Declare a microVM workload in Python. Write a function, decorate it, and the
`mvmctl` toolchain bakes it into a Nix-built Firecracker / libkrun microVM
image and boots it — no Dockerfile, no SSH, no agent code in your app.

```sh
pip install mvm
```

`mvmctl` (the Rust host CLI) is distributed separately and does the building,
booting, and signing. This package is the **authoring** surface it reads.

## Quick start

```python
# app.py
import mvm as mv

@mv.func(name="adder")
def add(a: int, b: int) -> int:
    return a + b
```

```sh
mvmctl compile app.py     # parse the script (no execution) → flake.nix + launch plan
mvmctl up --flake .       # build the image and boot the microVM
```

`@mv.func` is the one-liner: it declares the workload, the app, and a function
entrypoint with sane defaults (`nix_packages(["python312"])`, 1 vCPU / 256 MB /
512 MB rootfs). For full control, declare the pieces explicitly:

```python
import mvm as mv

mv.workload(id="hello")

@mv.app(
    name="hello",
    source=mv.local_path("."),
    image=mv.nix_packages(["python312"]),
    resources=mv.resources(cpu_cores=1, memory_mb=256, rootfs_size_mb=512),
    env={"API_KEY": mv.secret("api-key")},
    before_start=mv.hook("export TZ=UTC"),
    after_start=mv.hook(["curl", "-fsS", "http://localhost:8080/health"]),
)
def main(name: str) -> str:
    return f"hello {name}"
```

## How it builds

`mvmctl compile` reads your file **statically** — the decorator and the
`import mvm` line are parsed as data, never executed, so nothing in your module
runs on the host. At image-build time the decorator and the `import mvm` line
are **stripped** from the bundled source, so the guest runs your plain function
with no SDK dependency inside the microVM.

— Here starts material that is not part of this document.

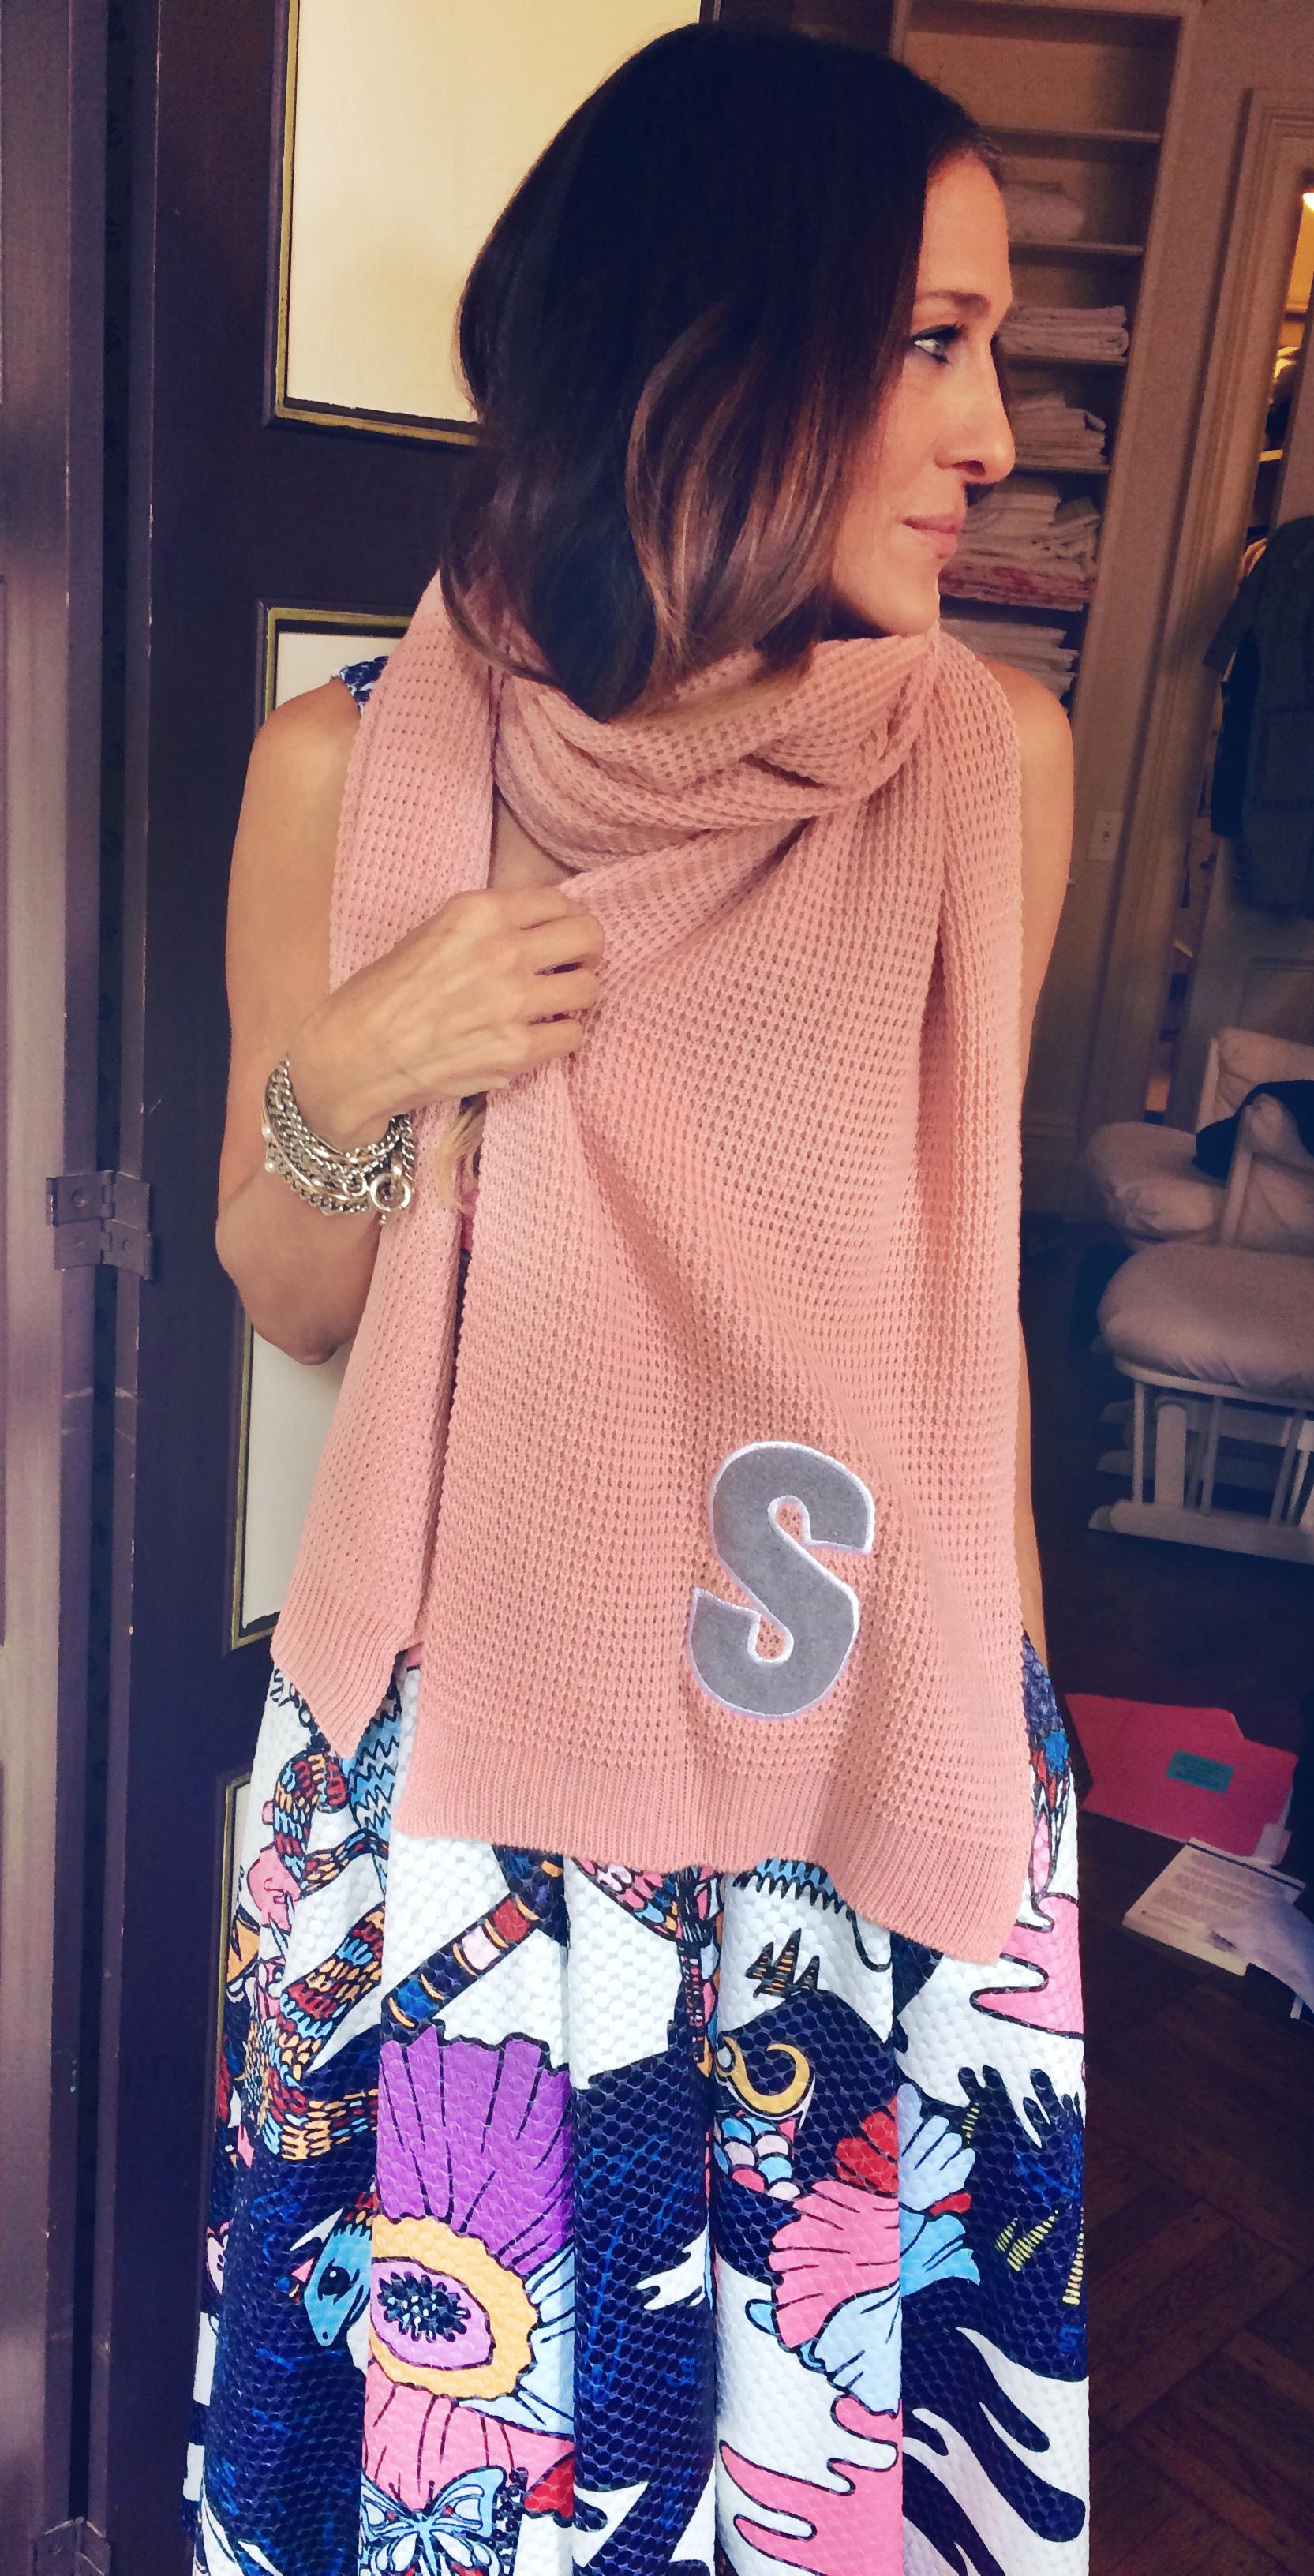 Matalan alphabet scarf, Matalan scarf, Scarf, Winter accessories, Cheap scarf, Charity gift, Alder Hay Children's hospital, Sarah Jessica Parker, SJP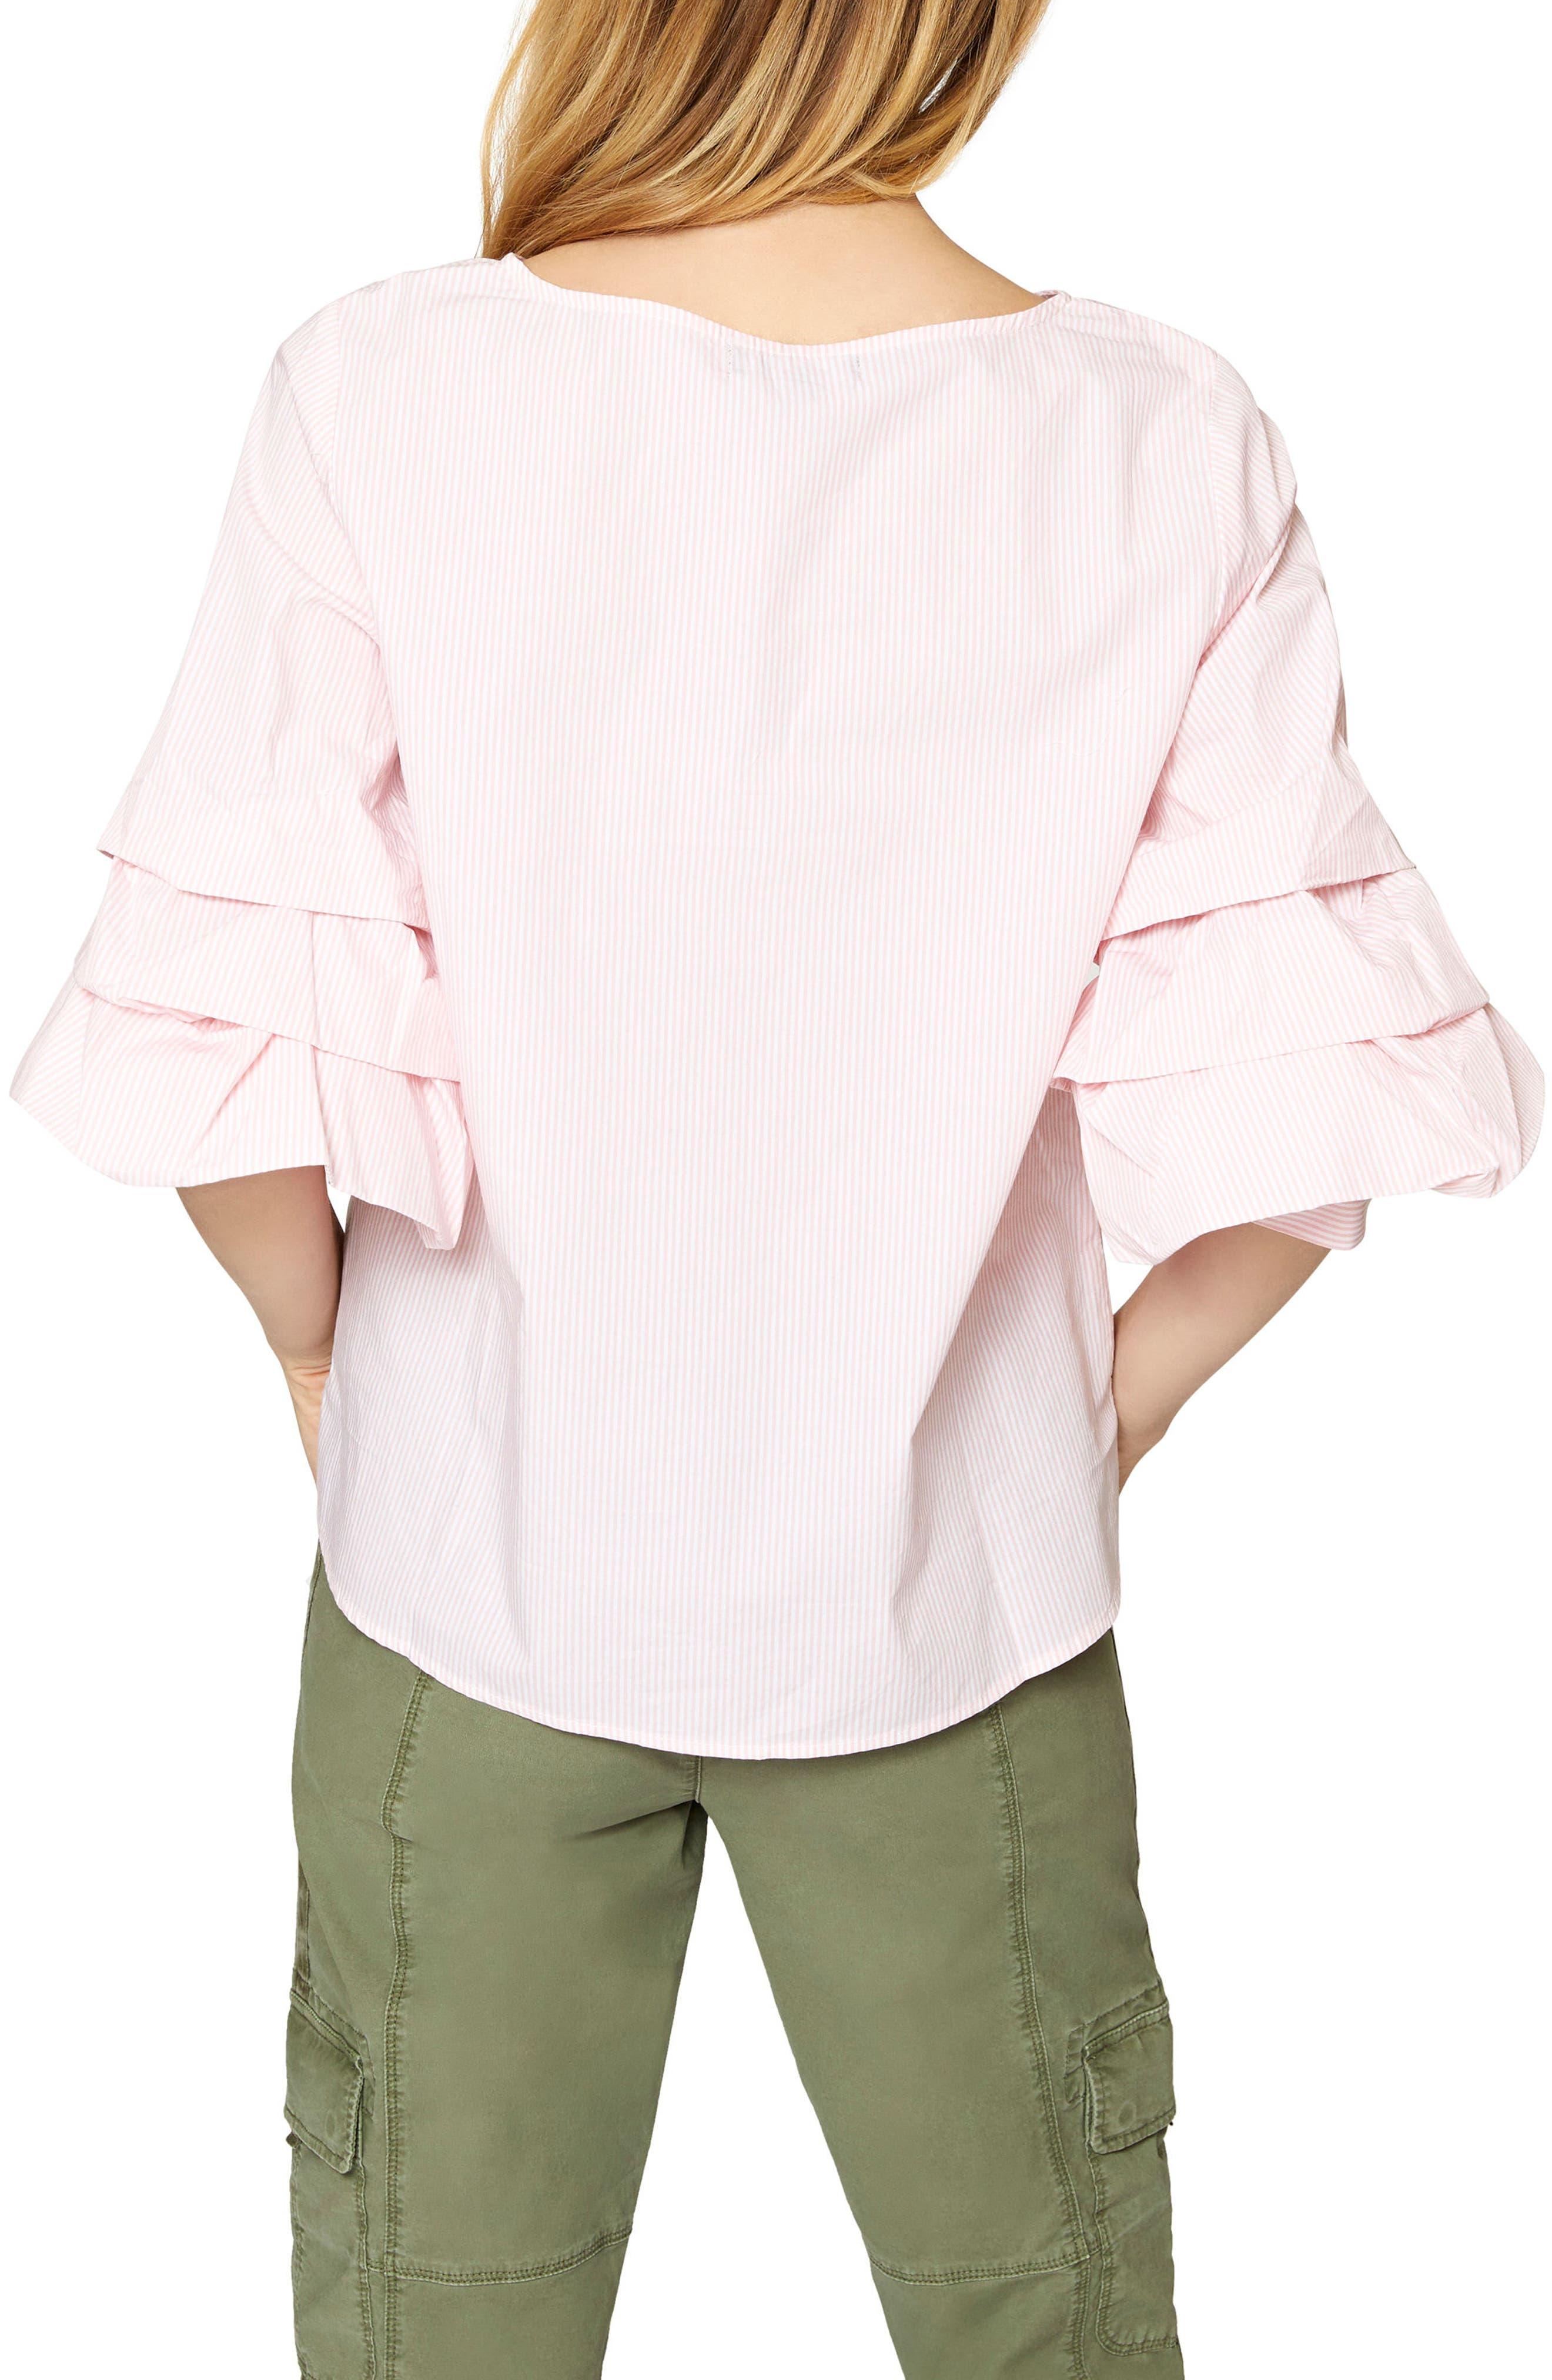 Delphine Tiered Sleeve Top,                             Alternate thumbnail 3, color,                             Flamingo Stripe

You can also emit the canonical Workload IR in-process, for inspection or tests:

```python
import mvm as mv
print(mv.emit_json())     # the IR mvmctl would produce
```

## Lifecycle hooks

Four hook points, each a shell string or an argv list (or a list of them).
Addons contribute their own hooks, merged at compile time:

| Hook | Runs |
| --- | --- |
| `before_build` | in the builder VM, before the image is assembled |
| `before_start` | in the guest, before the entrypoint |
| `after_start`  | in the guest, after the entrypoint is up |
| `before_stop`  | in the guest, on shutdown |

## Building blocks

| Helper | Purpose |
| --- | --- |
| `mv.nix_packages([...])`, `mv.python_image(...)`, `mv.node_image(...)` | base image |
| `mv.resources(cpu_cores=, memory_mb=, rootfs_size_mb=)` | per-VM budget |
| `mv.network(...)`, `mv.egress(...)` | egress policy (default-deny) |
| `mv.python_deps(...)`, `mv.node_deps(...)` | dependencies, installed into a sealed, audited volume |
| `mv.secret("name")`, `mv.literal("v")` | env values — secrets resolve on the host, never baked into the image |

## Dev-only runtime

`f.remote(...)` / `mv.session(...)` call into a running function-VM, and
`mv.Sandbox` wraps local sandbox primitives. These are **development**
conveniences for build-time emission and introspection. Production microVMs are
observed through `mvmctl` output streams — there are no host-side `.remote()`
calls on the prod path.

## Optional extras

```sh
pip install 'mvm[schema]'   # pydantic-based schema derivation from type hints
```

## Versioning

The SDK version tracks the `mvmctl` toolchain version: a workload emitted by
`mvm` X.Y.Z is consumed by `mvmctl` X.Y.Z. Install matching versions.

## Links

- Source & issues: https://github.com/tinylabscom/mvm
- TypeScript SDK: [`@runmvm/mvm`](https://www.npmjs.com/package/@runmvm/mvm)

## License

Apache-2.0 — see [LICENSE](./LICENSE).